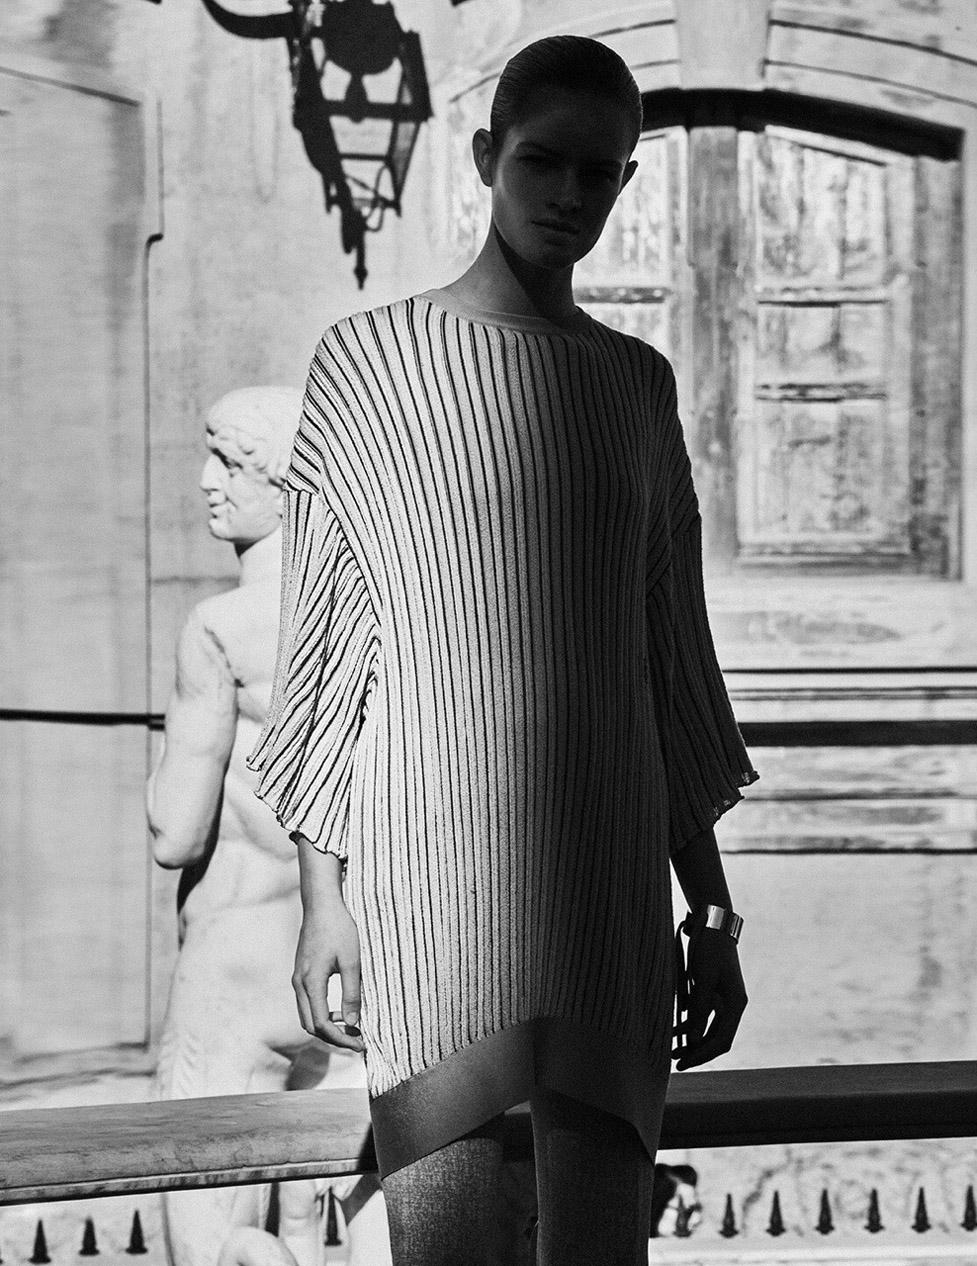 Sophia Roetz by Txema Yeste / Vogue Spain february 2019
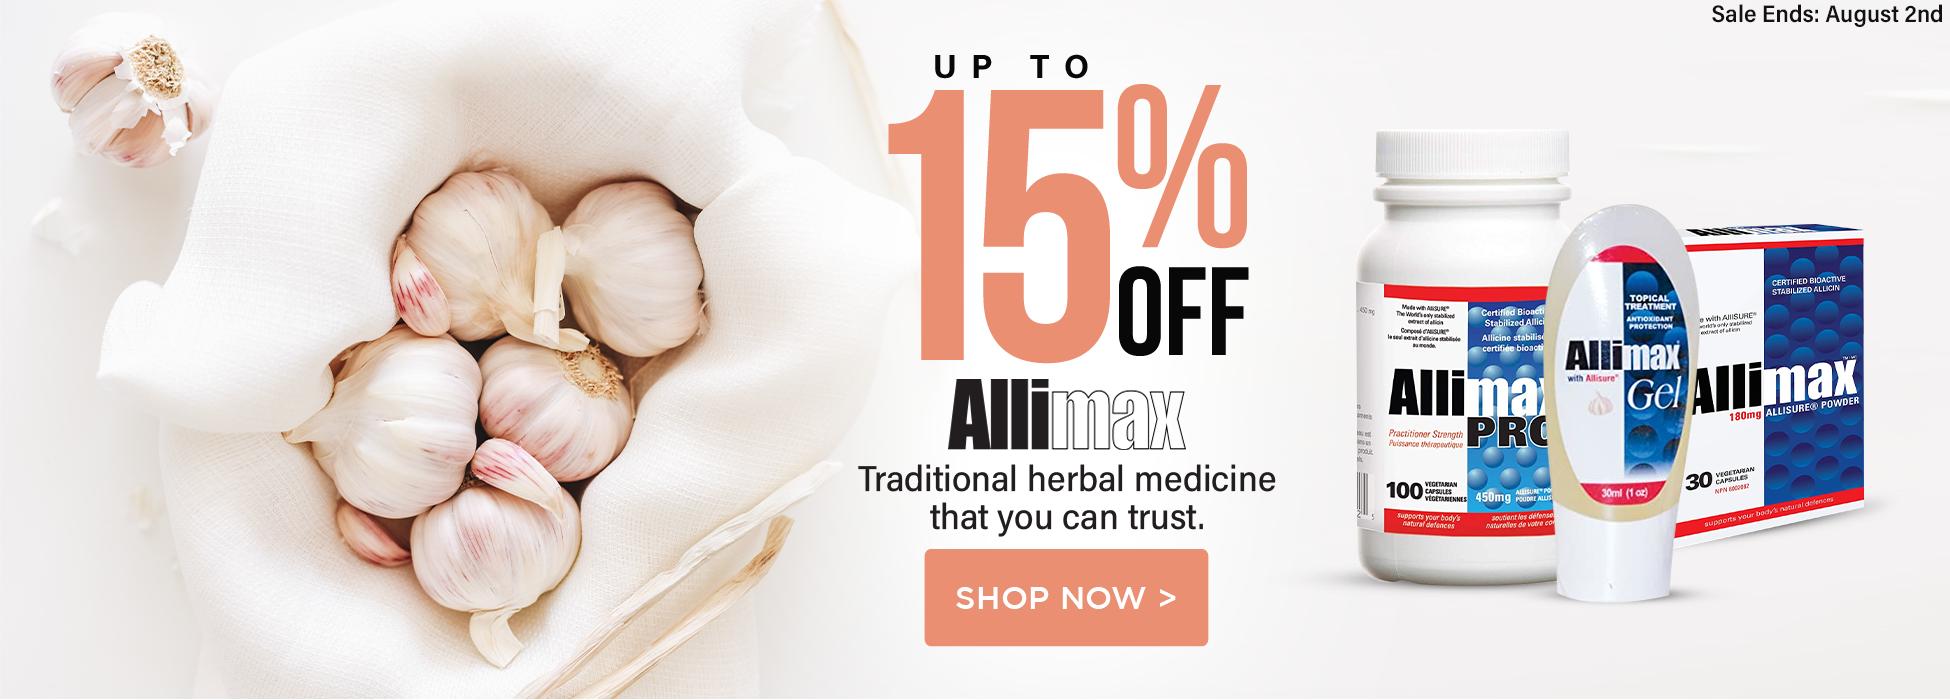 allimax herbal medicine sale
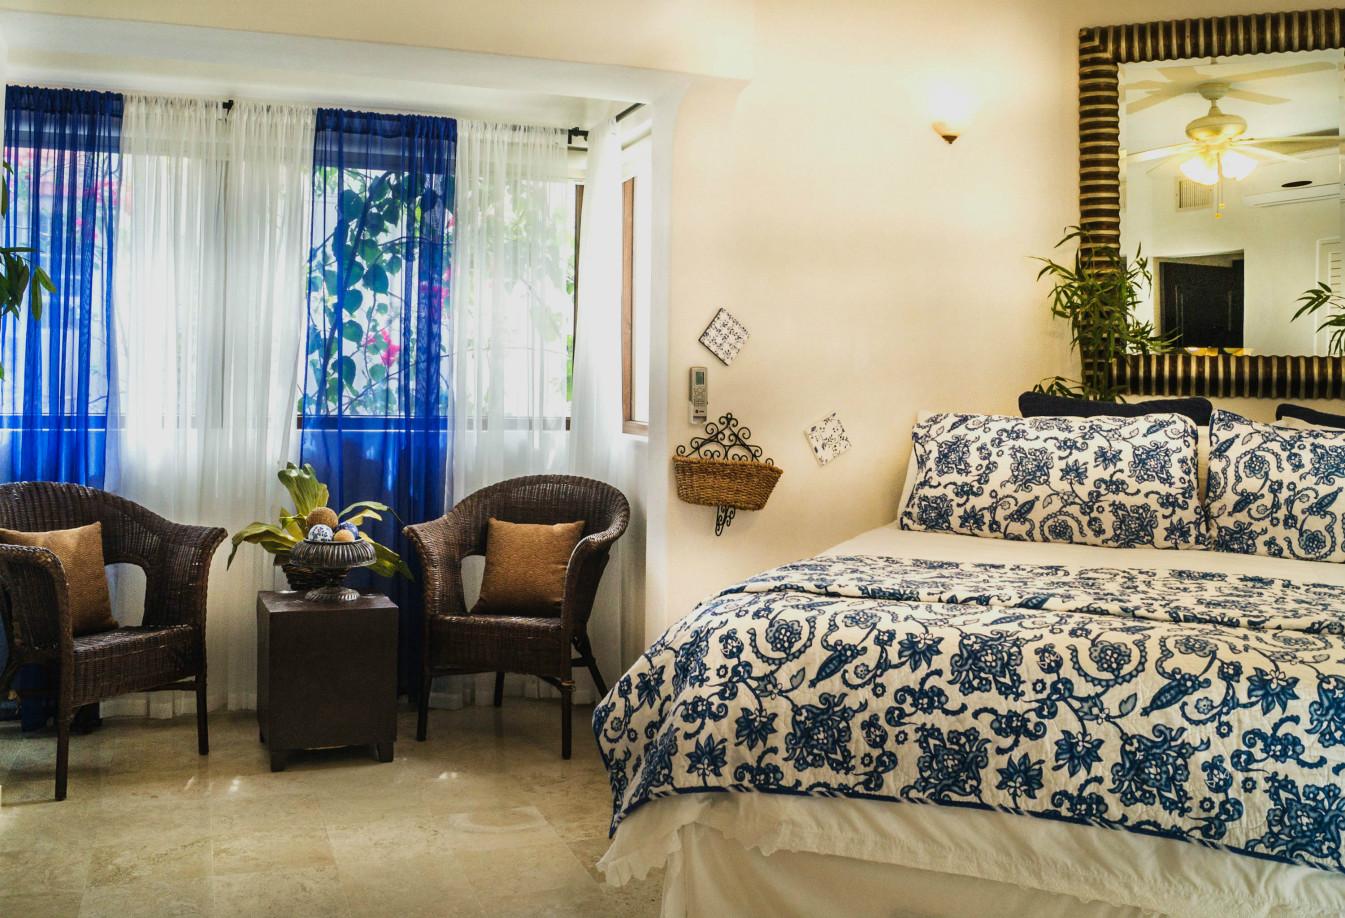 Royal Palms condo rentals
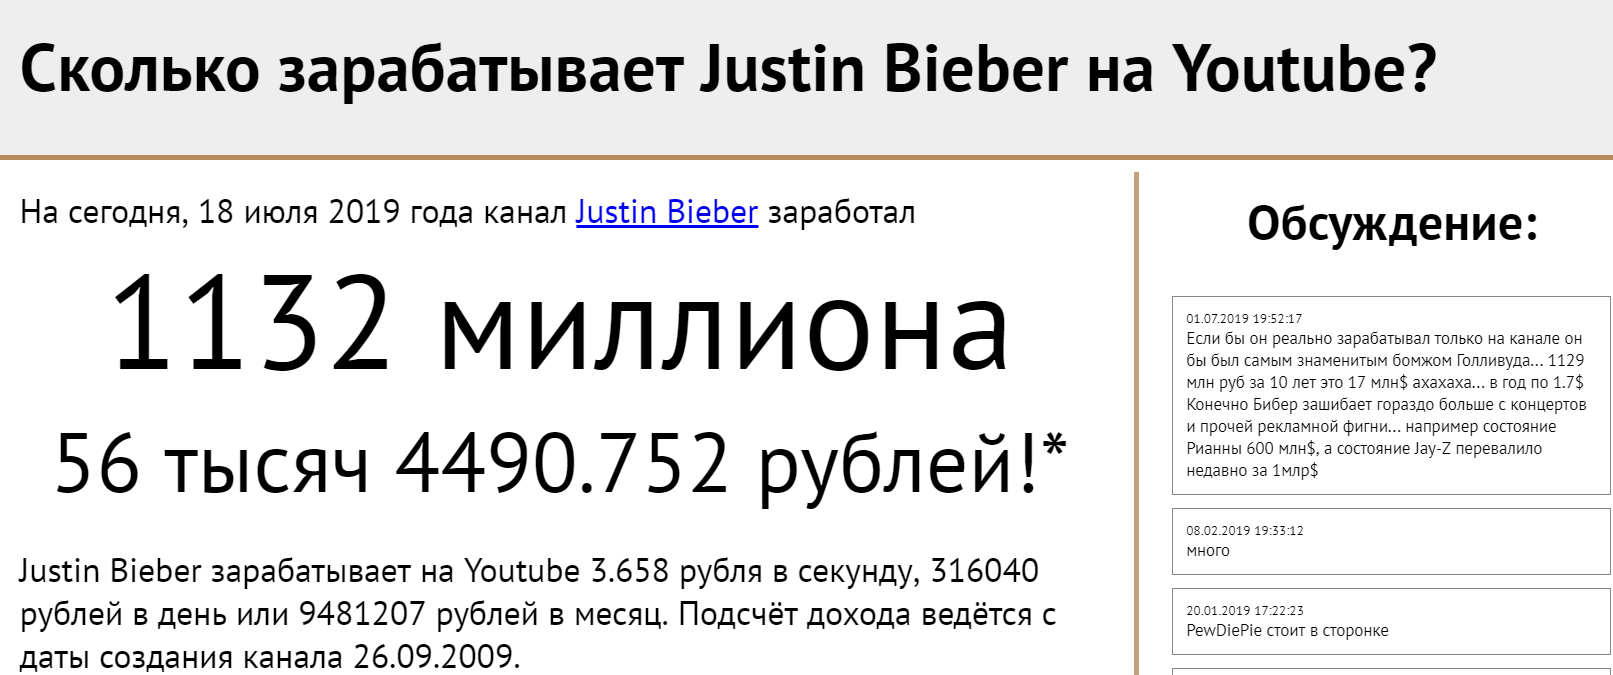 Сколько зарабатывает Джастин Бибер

_ _ _ _ _

= Exercise requirements =
Return the whole listing word for word, minus its pictures.

= Completed exercise =
 Sophia Roetz by Txema Yeste / Vogue Spain february 2019
 allimax herbal medicine sale
 Royal Palms condo rentals
 Сколько зарабатывает Джастин Бибер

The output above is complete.